对面的人端起茶杯,轻啜了一小口,“萧淮。”低沉而富有磁性的声音在季桉耳边响起,明明只有两个字却好像在季桉心头重重敲击了两下。
“季先生是来旅游的?”对面的人开了口。
“不算是,我就是渝州人,这次过来住两天。萧先生是凌江镇人?”凌江镇地处渝州,距离不过是1个小时车程。
“我也是过来住几天。”萧淮看了眼季桉的相机,很专业的设备,问到:“季先生是摄影师?”

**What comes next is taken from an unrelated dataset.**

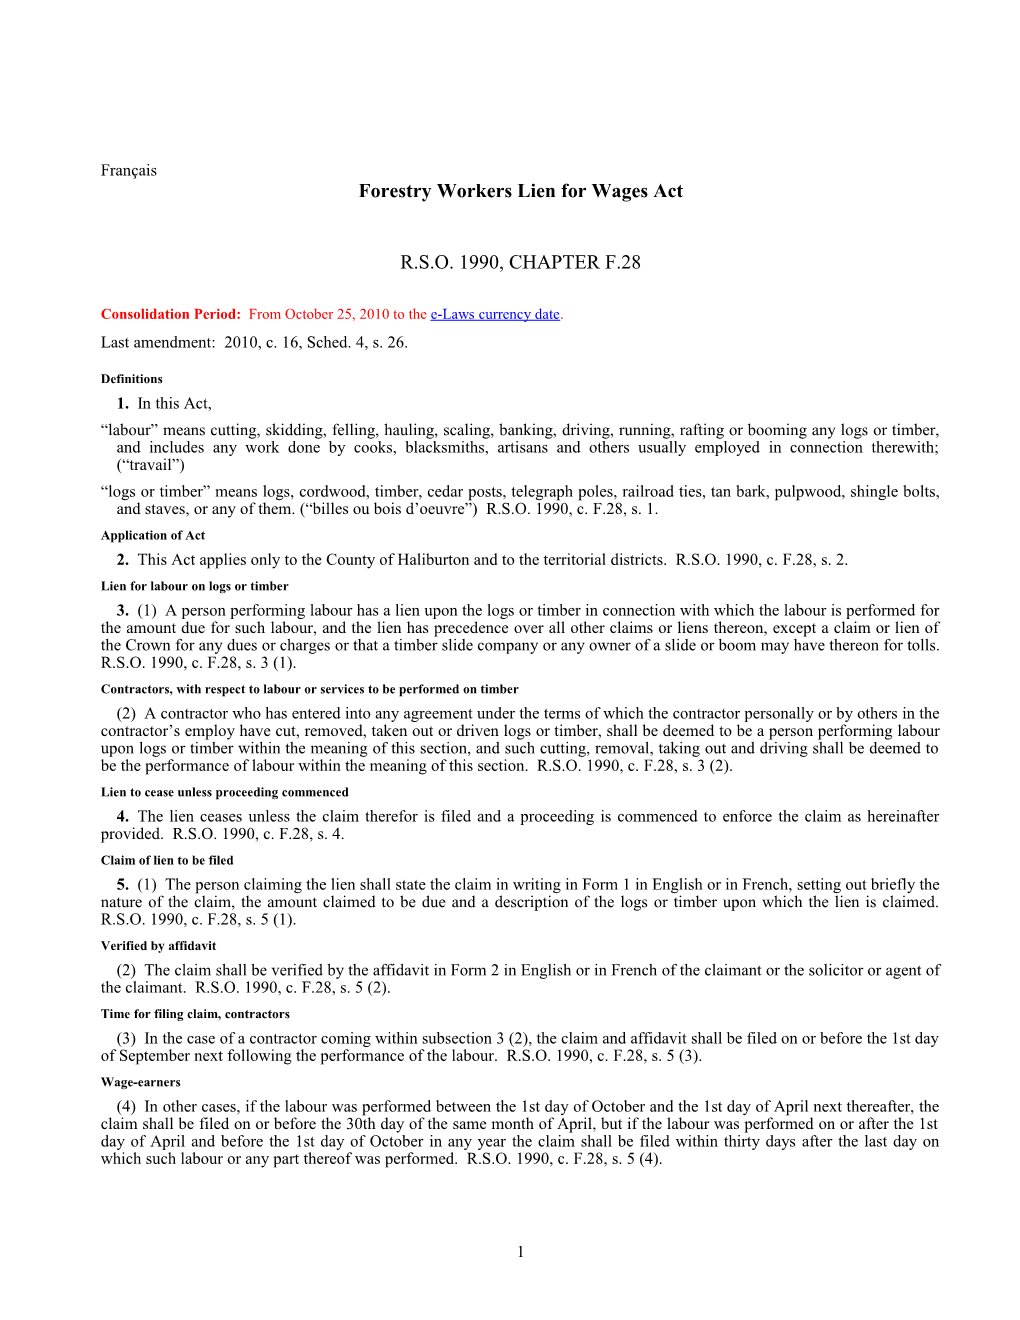 Forestry Workers Lien for Wages Act, R.S.O. 1990, C. F.28

“对。”季桉随后解释:“刚刚不是有意冒犯,主要是空间构图很好,下意识就拍下来了。如果有冒犯到,我马上删除。”
萧淮不在意地说:“没关系。”
“萧先生什么职业?”
“商人。”萧淮又给季桉斟了杯茶。
季桉有点吃惊。
“不像吗?”看着季桉的表情,萧淮问。
季桉笑了笑,说:“像,也不像。你有点像艺术家。”矜贵又疏离的气质,总之看着不像普通人。
萧淮应和了句:“是吗?”
俩人就像过来旅游的人一样开始聊天气聊景点。可惜凌江镇就这么大,又是刚开发的地方,可聊的点并没有很多。好在话题即将要聊完的时候,温卿时来电话了,告诉季桉他们半个小时后就要到达。
“以后有机会还能再来讨杯茶吗?”季桉起身时问。
萧淮看了他一眼,看不出情绪,但给了肯定的答案:“当然!”
等季桉到温卿时他们入住的酒店时,温卿时一行人才刚刚开近凌江镇。季桉直接先进了大厅坐着等他们。
每一会儿,咋咋呼呼的声音便从酒店门口传了进来。
“哥,我们到了!”不见其人先闻其声,不用抬头都知道是孙嘉哲。
季桉站起来冲跟前的一行人打招呼:“你们来了啊!”
温卿时落在后面两步,走过来问季桉:“怎么不搬过来跟我们一起住?”
这次温卿时一行人住在季桉旁边的温泉酒店,季桉懒得动弹,坚持住在现在的酒店里面。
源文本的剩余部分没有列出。